>>>>>
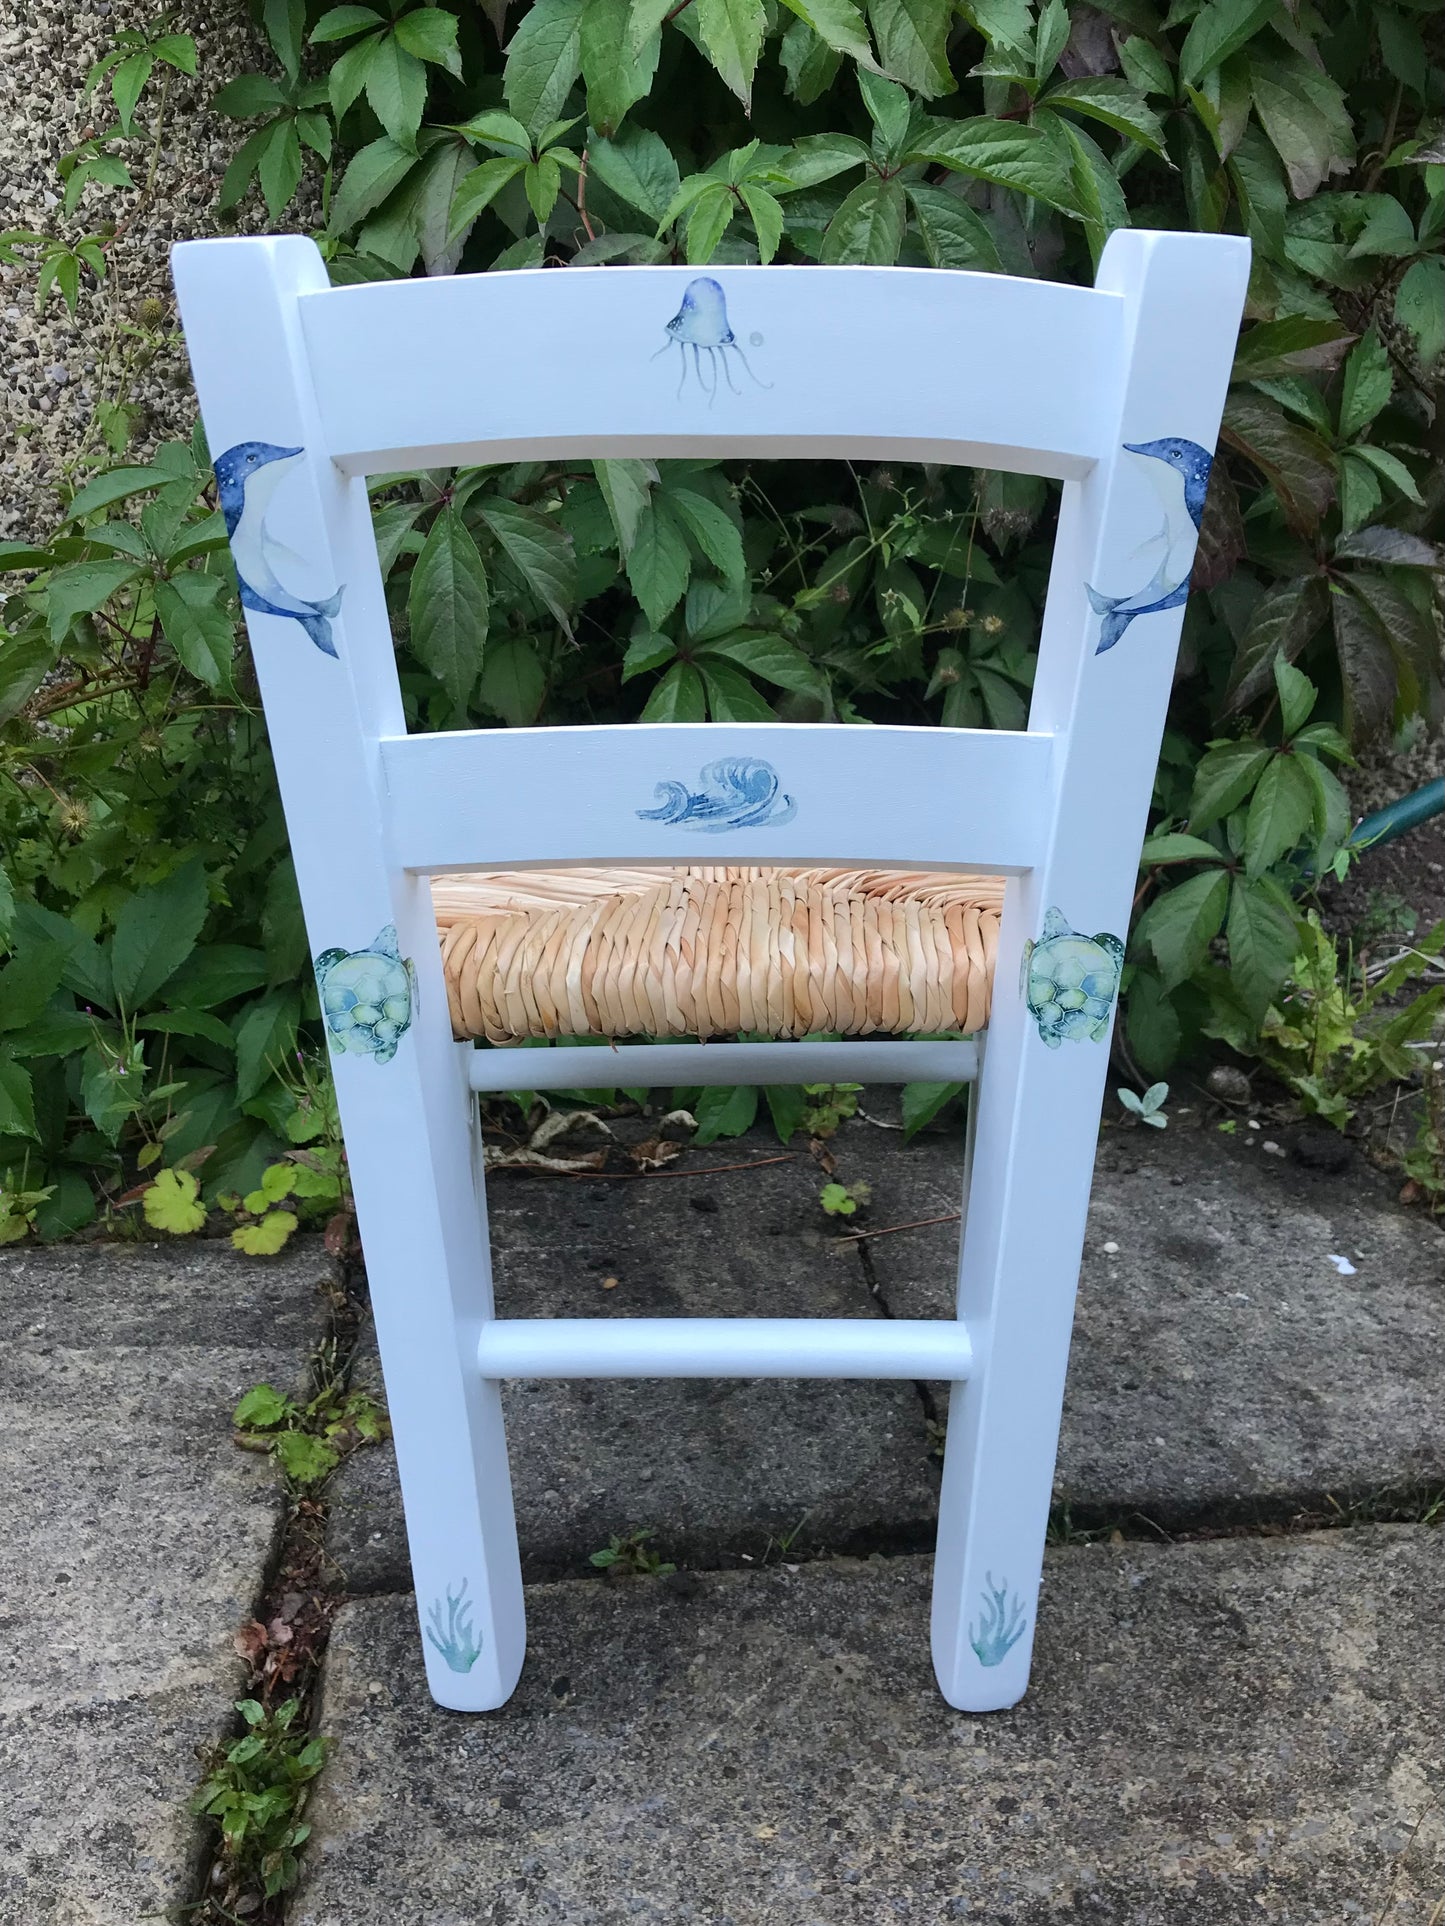 Rush seat personalised children's chair - Under the sea theme - made to order
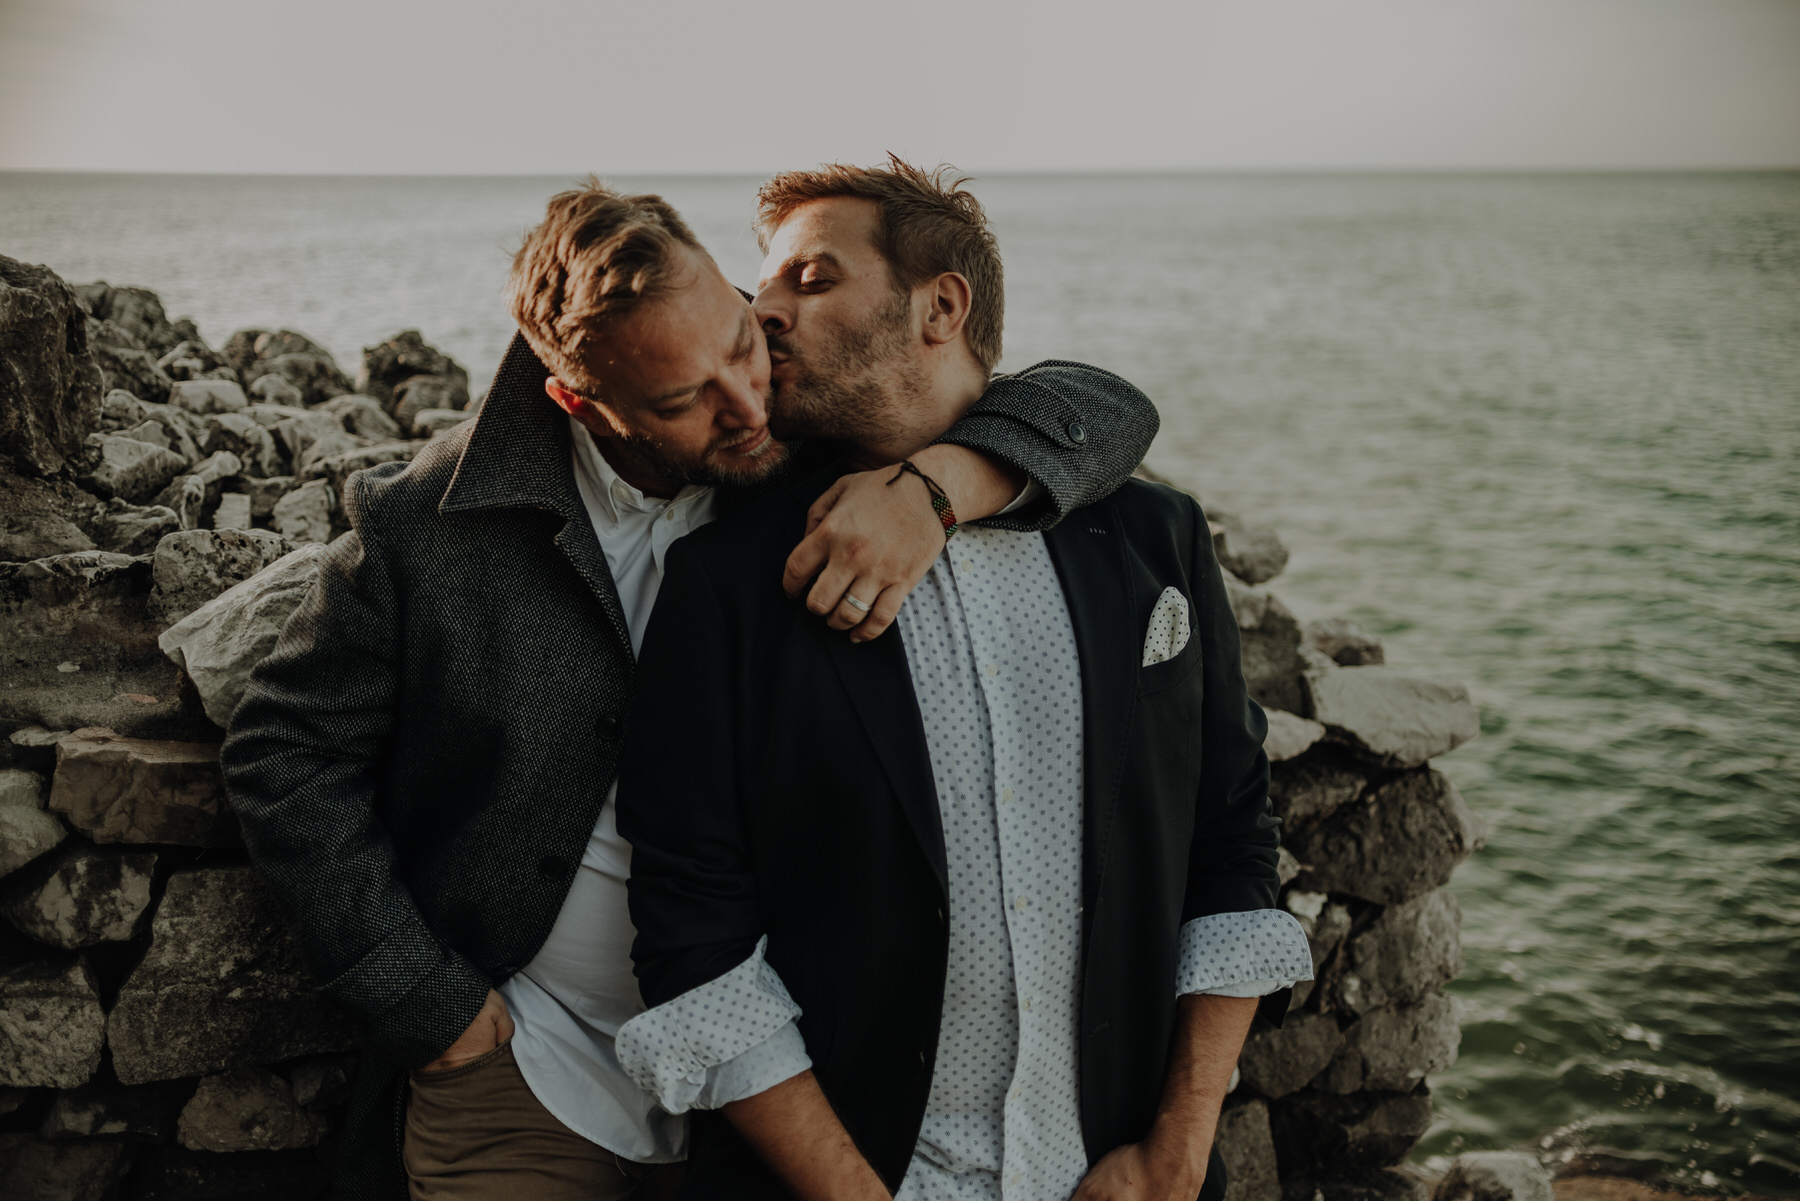 Giancarlo+Daniele, husbands' couple session at sunset on the beach
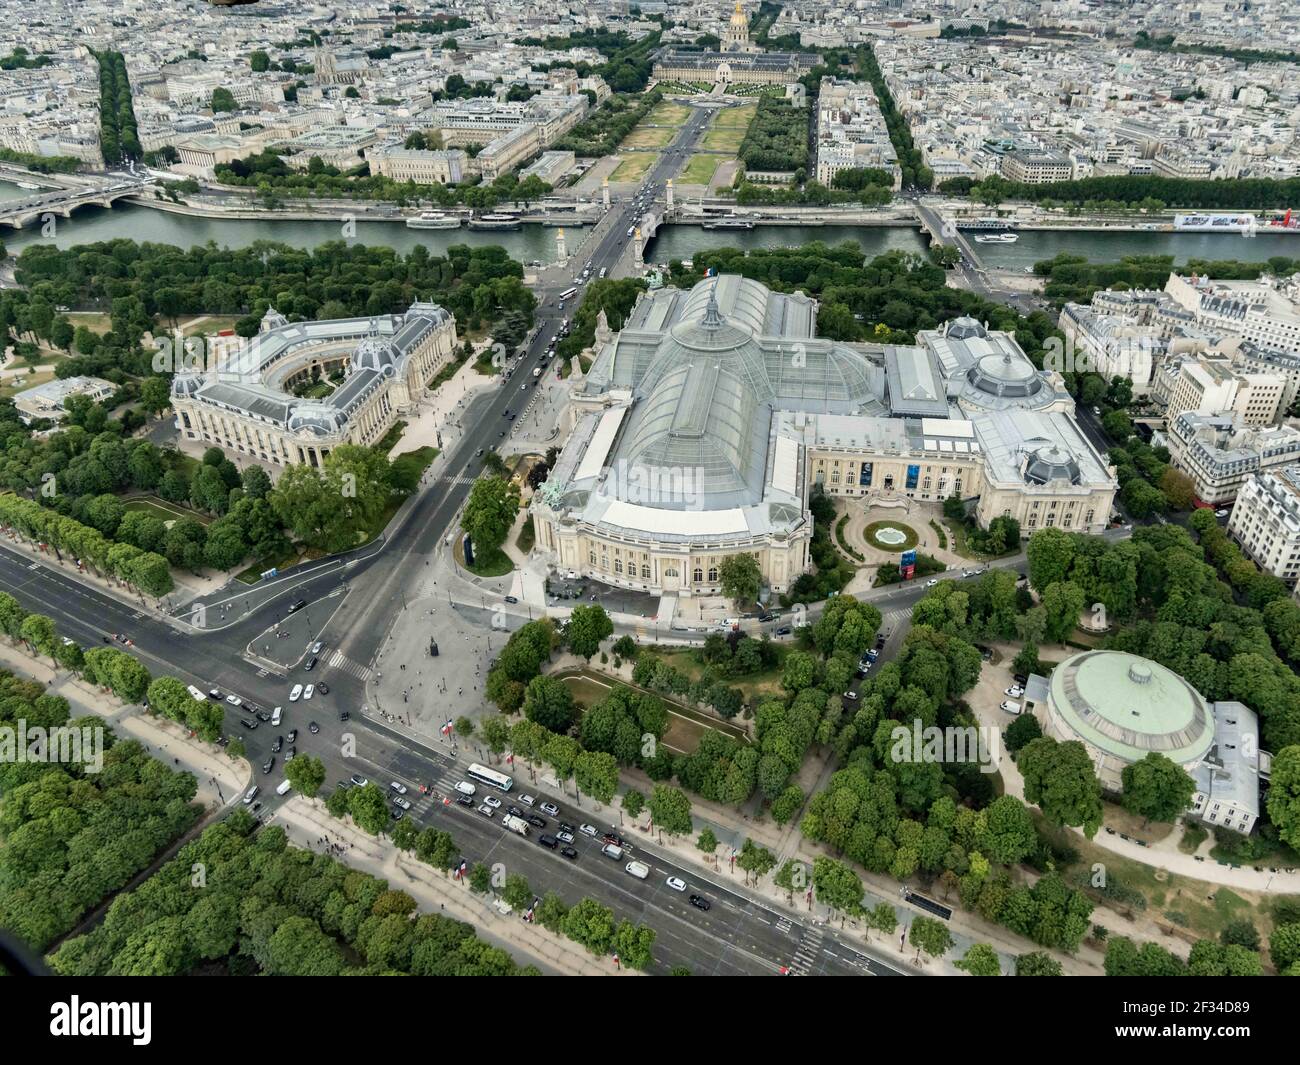 File photo dated July 11, 2019 of an aerial view of the Grand Palais in Paris, France. The Grand Palais, a Mecca for the arts and sciences for 120 years in the heart of Paris, will begin its renovation from top to bottom on Friday. The listed complex, comprising three buildings built for the 1900 Universal Exhibition, will reopen partially in the spring of 2024 (for the nave and adjoining galleries) and completely in the spring of 2025. Photo by Mario Fourmy/ABACAPRESS.COM Stock Photo
<<<<<
__Aim of the exercise__.
The answer must be the full listing, exact in every line, with the pictures removed.

__Answer box__.
 Rush seat personalised children's chair - Under the sea theme - made to order
 Giancarlo+Daniele, husbands' couple session at sunset on the beach
 File photo dated July 11, 2019 of an aerial view of the Grand Palais in Paris, France. The Grand Palais, a Mecca for the arts and sciences for 120 years in the heart of Paris, will begin its renovation from top to bottom on Friday. The listed complex, comprising three buildings built for the 1900 Universal Exhibition, will reopen partially in the spring of 2024 (for the nave and adjoining galleries) and completely in the spring of 2025. Photo by Mario Fourmy/ABACAPRESS.COM Stock Photo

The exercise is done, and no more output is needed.